In Fallujah, a suicide car bomber killed 2 policemen and injured 6 others at a checkpoint, while a sticky bomb killed 2 civilians. Unidentified gunmen shot dead another civilian, while a bombing south of the city resulted in no casualties. A blast in Ramadi targeted a local Sunni cleric, killing 2 of his bodyguards and injuring another. At least 19 civilians were injured in two car bombs that struck near Hillah in Iraq's Babil Governorate.

In the southern city of Nasiriyah a car bomb was detonated near a market, killing 2 and injuring 14 others.

On 16 April police officials in Kirkuk announced they had arrested a group of five individuals who were involved in the bombings in that city. Another eight people suspected of involvement were arrested by a joint army and police force in Diyala Governorate. Elsewhere, the violence continued. In Aziziyah, a city 75 km south of Baghdad a car bomb killed at least four people on 16 April, and left 15 others injured.

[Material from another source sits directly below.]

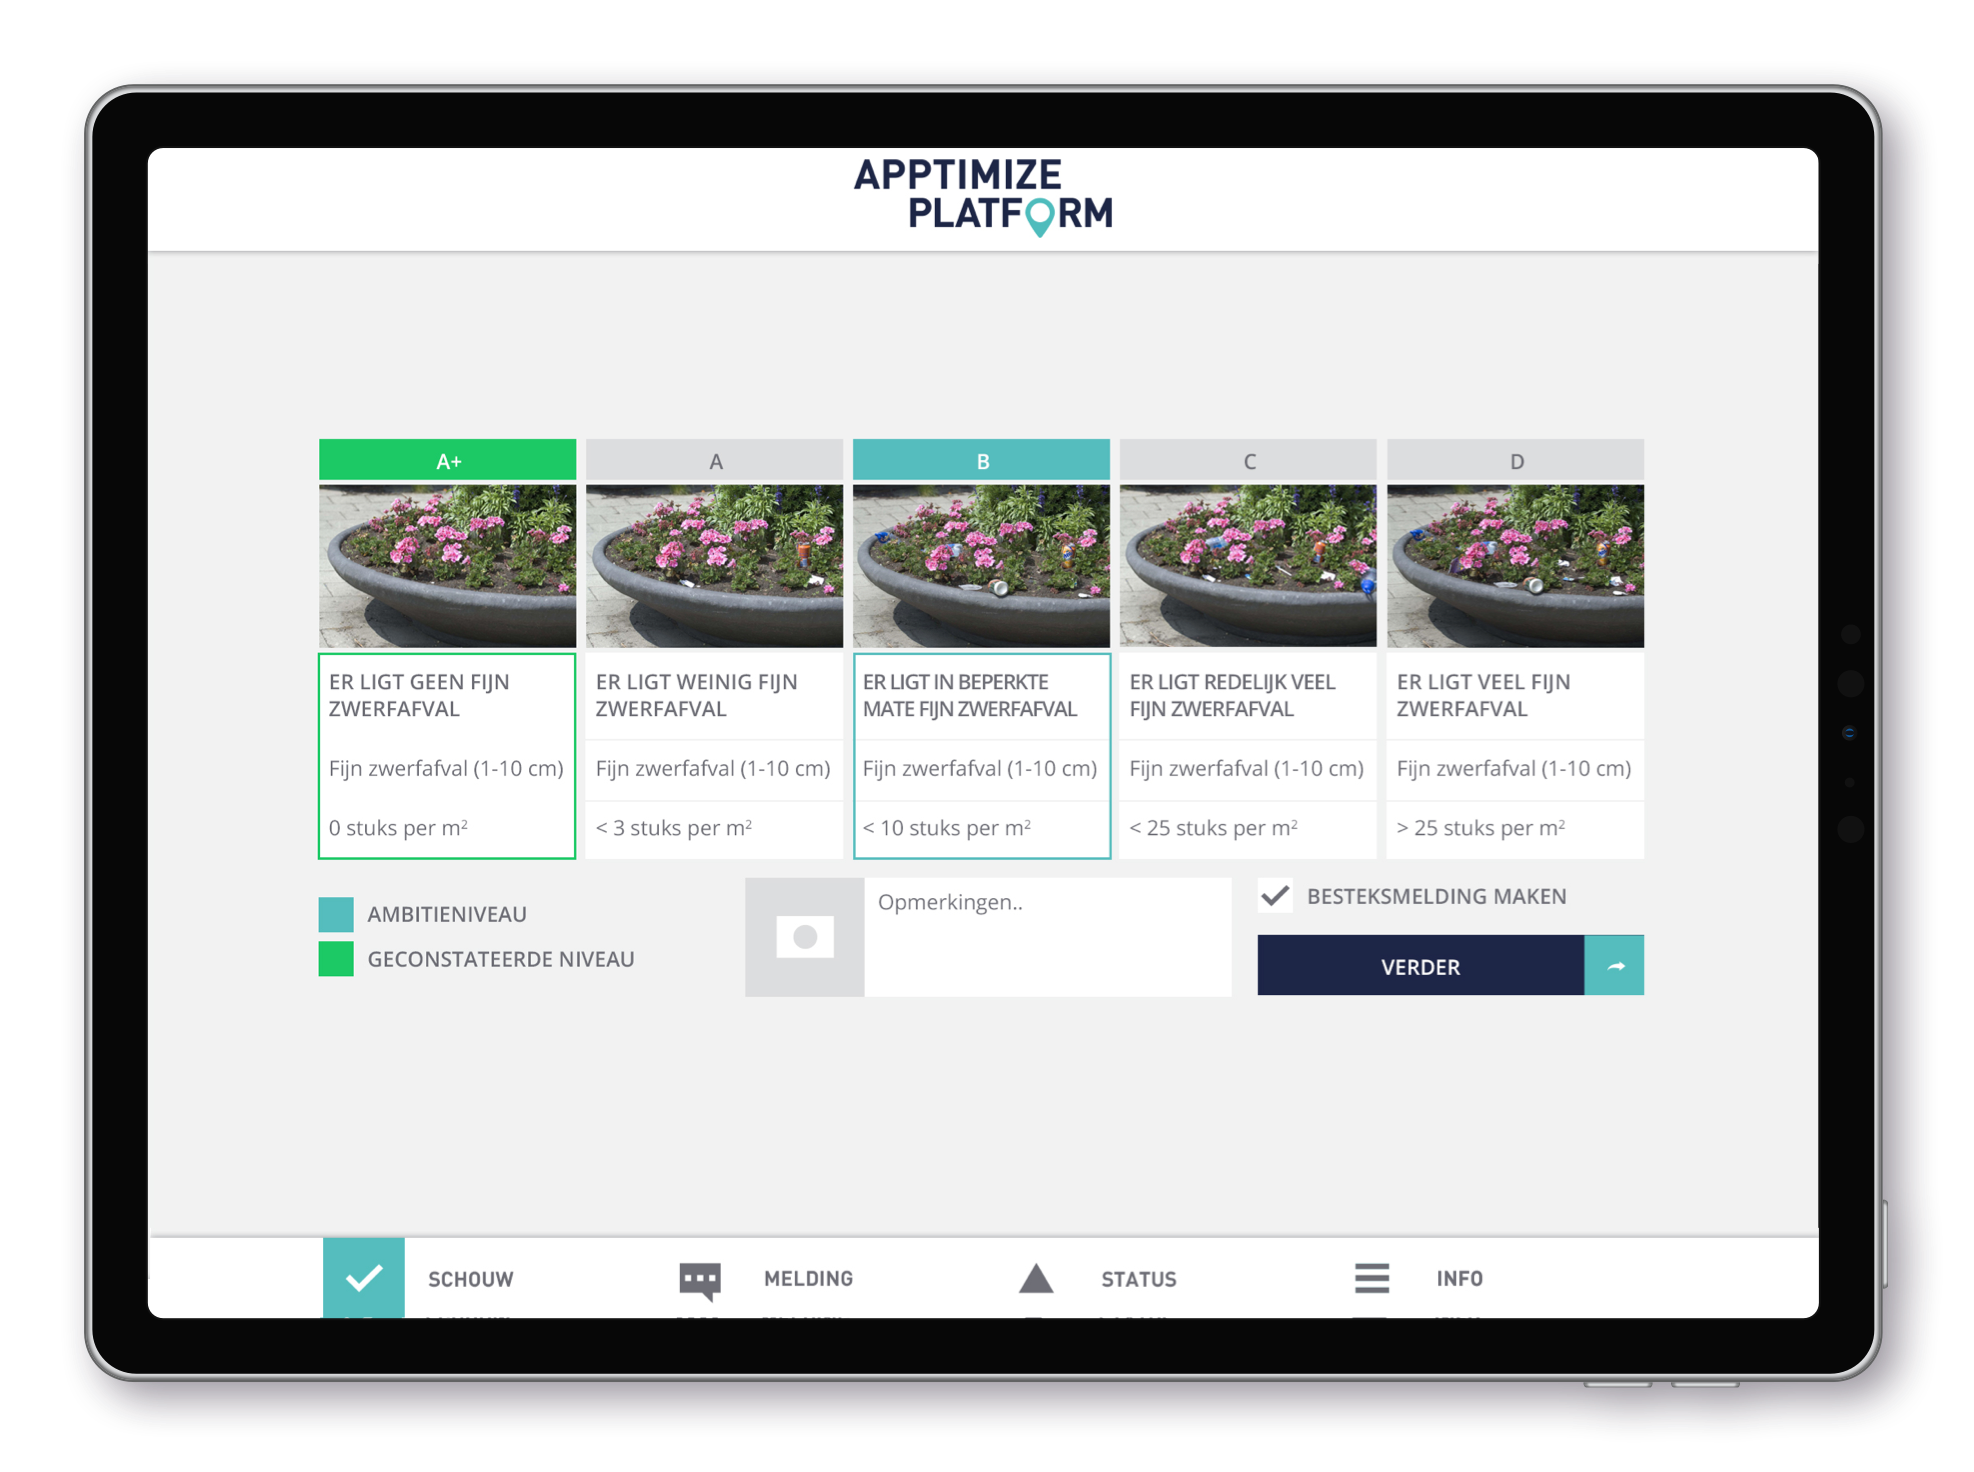 Apptimize Platform

In Mussayib, another southern city, a roadside bomb killed a soldier and injured two other people. Another bomb killed a civilian and wounded two others north of Baghdad. Three injuries were also reported in Tarmiyah.

==Reactions==

===Domestic===
- Sadrist Movement – A statement released by Muqtada al-Sadr condemned the attacks, but also accused the current cabinet of not doing enough to protect civilians and being too preoccupied with campaigning for the upcoming elections.

===International===
- European Union – High Representative Catherine Ashton released a statement, condemning "in the strongest terms" the series of attacks, as well as the recent spate of violence targeting local politicians and election candidates.
- France – Foreign Ministry spokesman Philippe Lalliot offered condolences to the victims and "strongly condemned" the attacks in a briefing, while reaffirming France's position on national unity and a rejection of violence.
- Iran – A Foreign Ministry spokesman condemned the attacks.
- Japan – Foreign Ministry Press Secretary Yutaka Yokoi released a statement, condemning the "atrocious acts of terrorism" and offering condolences to the people affected. The statement added that Japan hopes the Iraqi government and its people can "tackle their domestic problems through further progress in national reconciliation" despite the attacks.
- Lebanon – Speaker of the Parliament Nabih Berri phoned Prime Minister al-Maliki and "expressed condemnation" at the series of attacks across Iraq.
- Turkey – The Foreign Ministry issued a statement, condemning the attacks.